**TASK DETAILS:** Print the data below exactly as it stands, and keep the pictures out.

**DATA:**

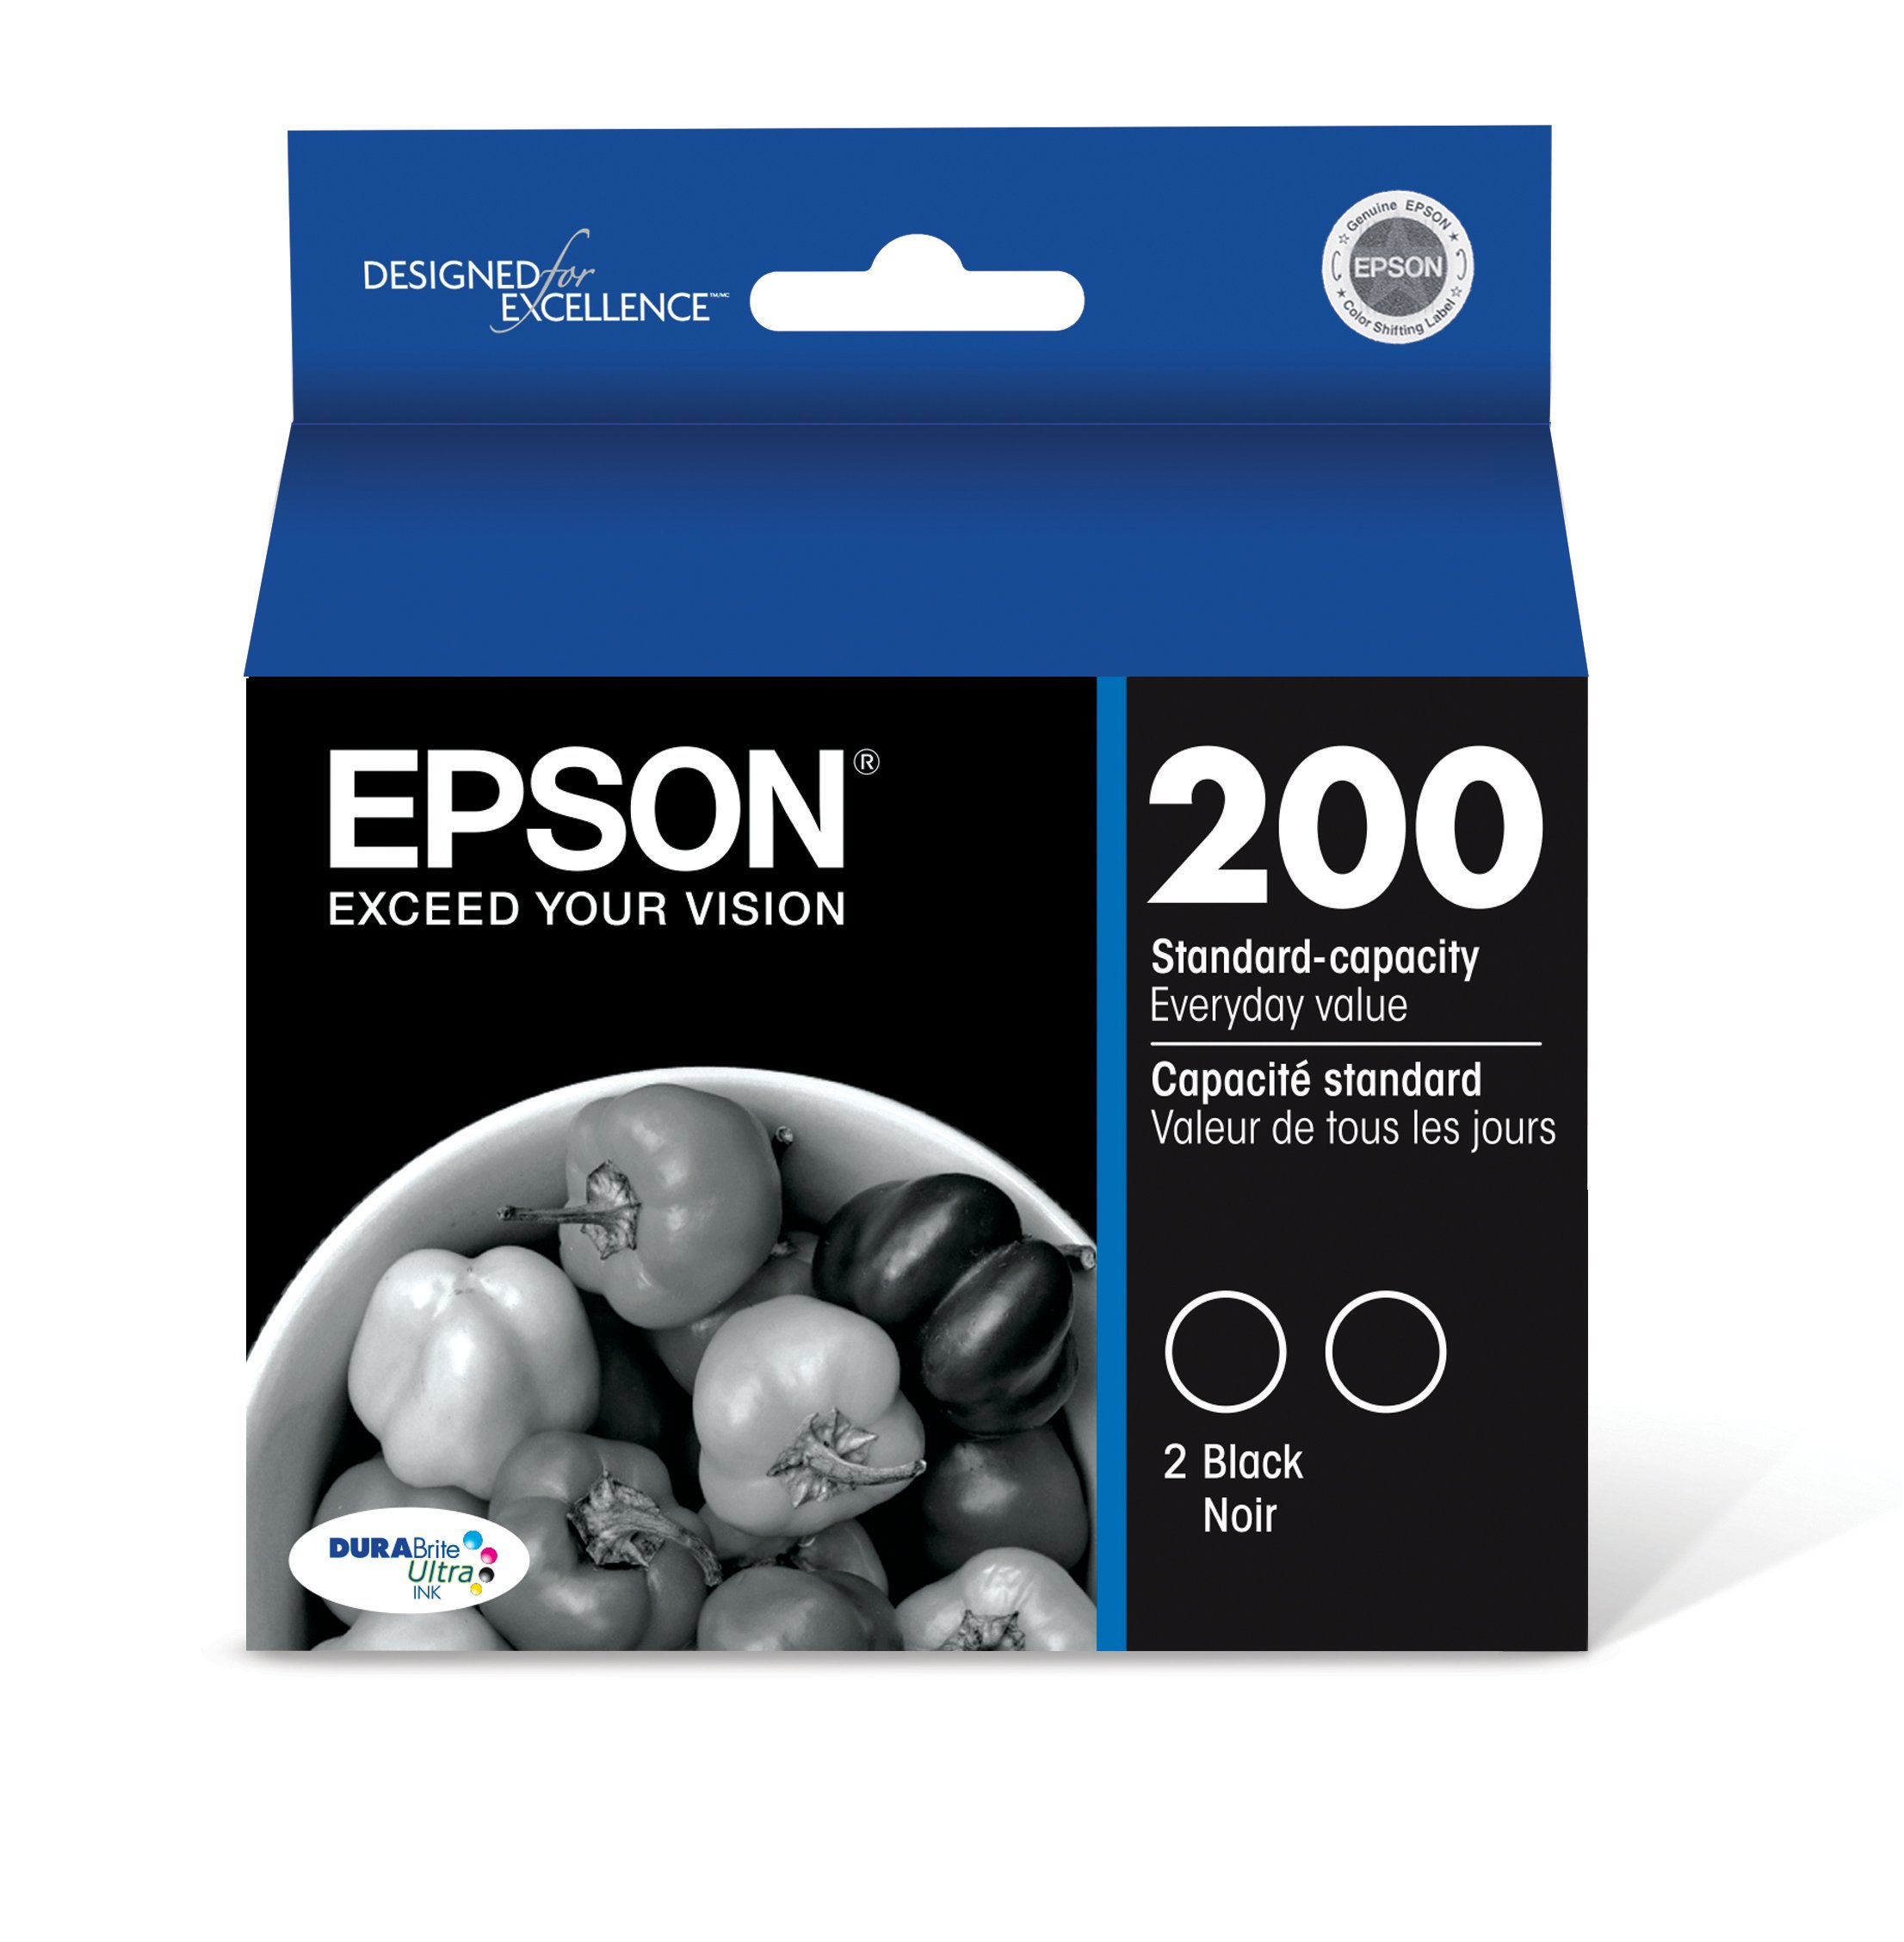 Epson T200120-D2 DURABrite Ultra Black Dual Pack Standard Capacity Cartridge Ink
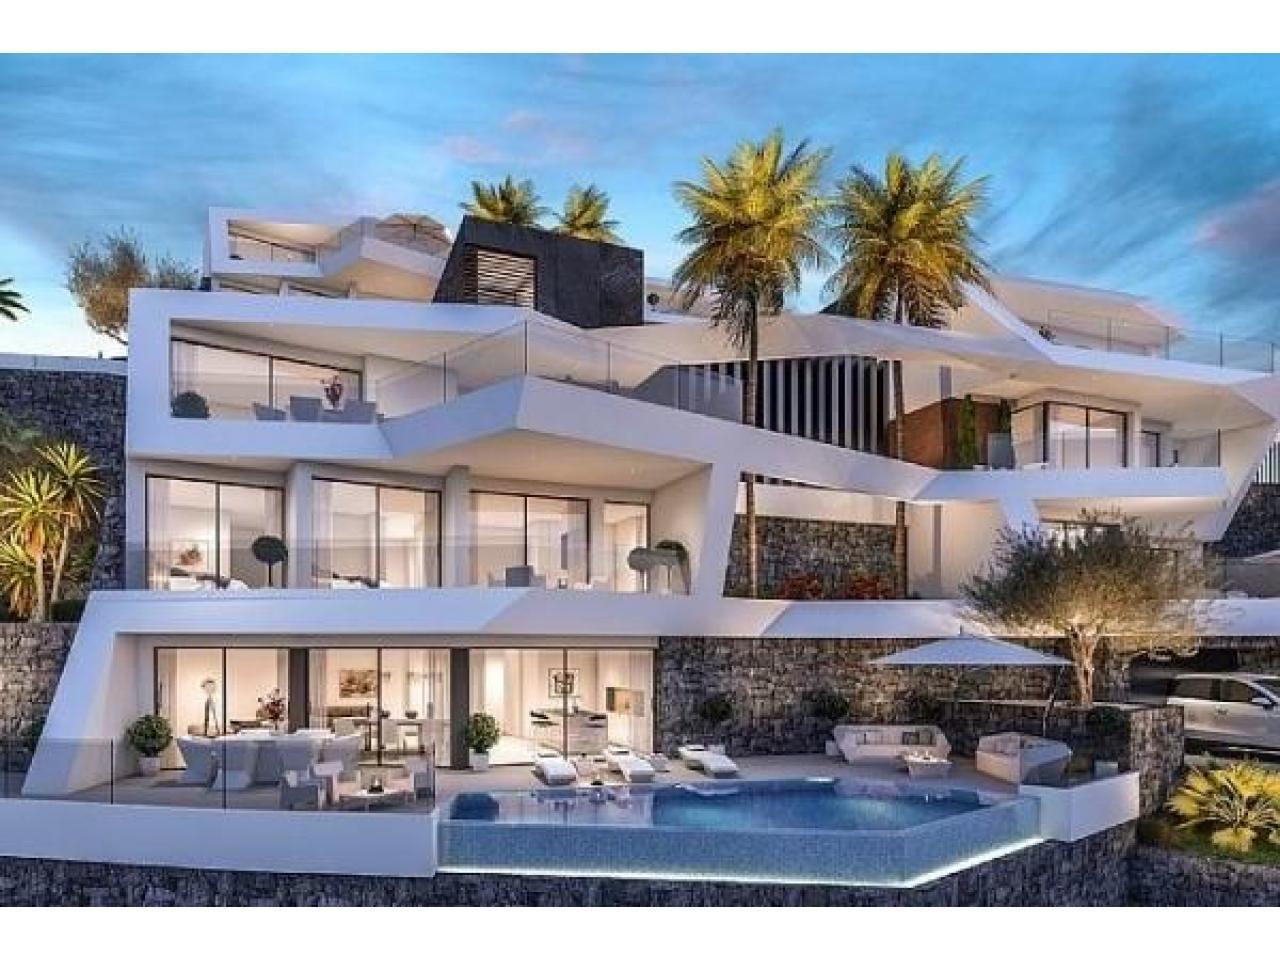 Недвижимость в Испании, Новая вилла с видами на море от застройщика в Альтеа,Коста Бланка,Испания - 9
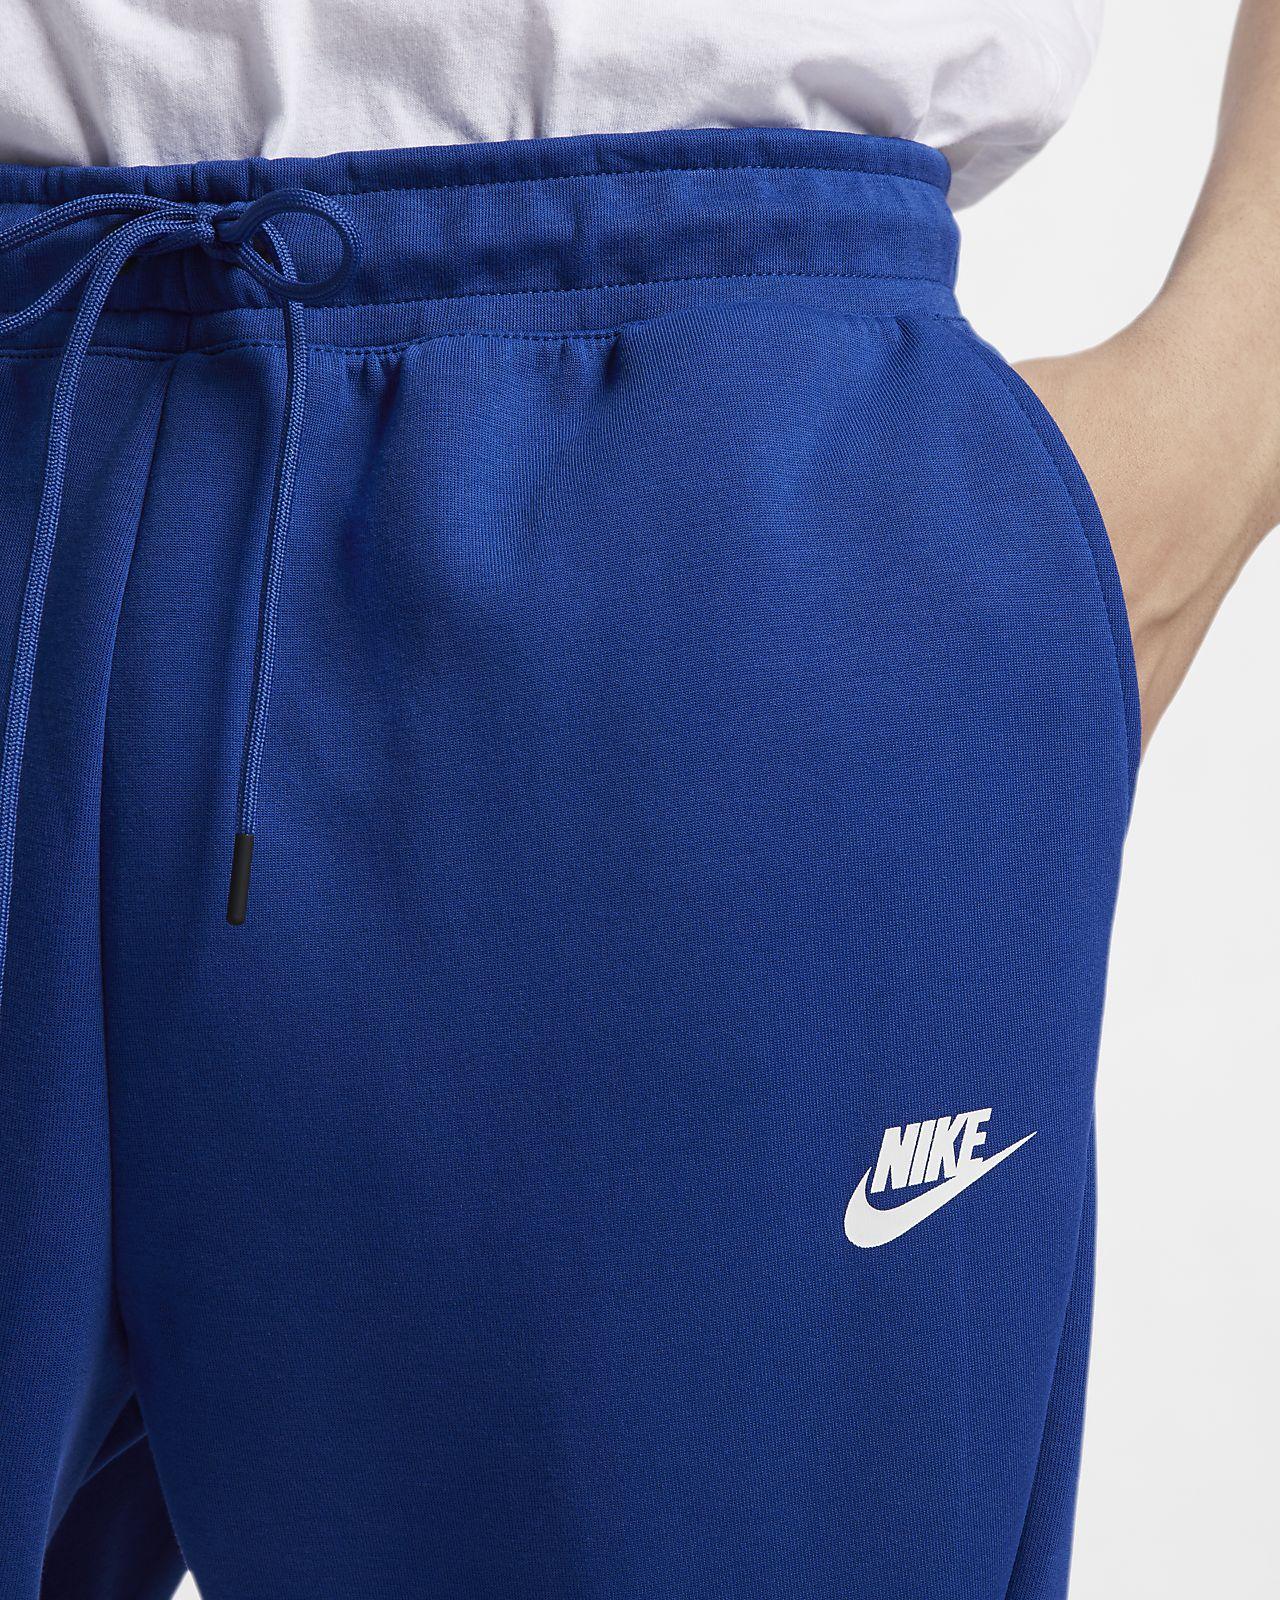 d8f2b7a992f9a Nike Sportswear Tech Fleece Herren-Jogger. Nike.com AT

**EXERCISE RESULT:**
 Epson T200120-D2 DURABrite Ultra Black Dual Pack Standard Capacity Cartridge Ink
 Недвижимость в Испании, Новая вилла с видами на море от застройщика в Альтеа,Коста Бланка,Испания - 9
 d8f2b7a992f9a Nike Sportswear Tech Fleece Herren-Jogger. Nike.com AT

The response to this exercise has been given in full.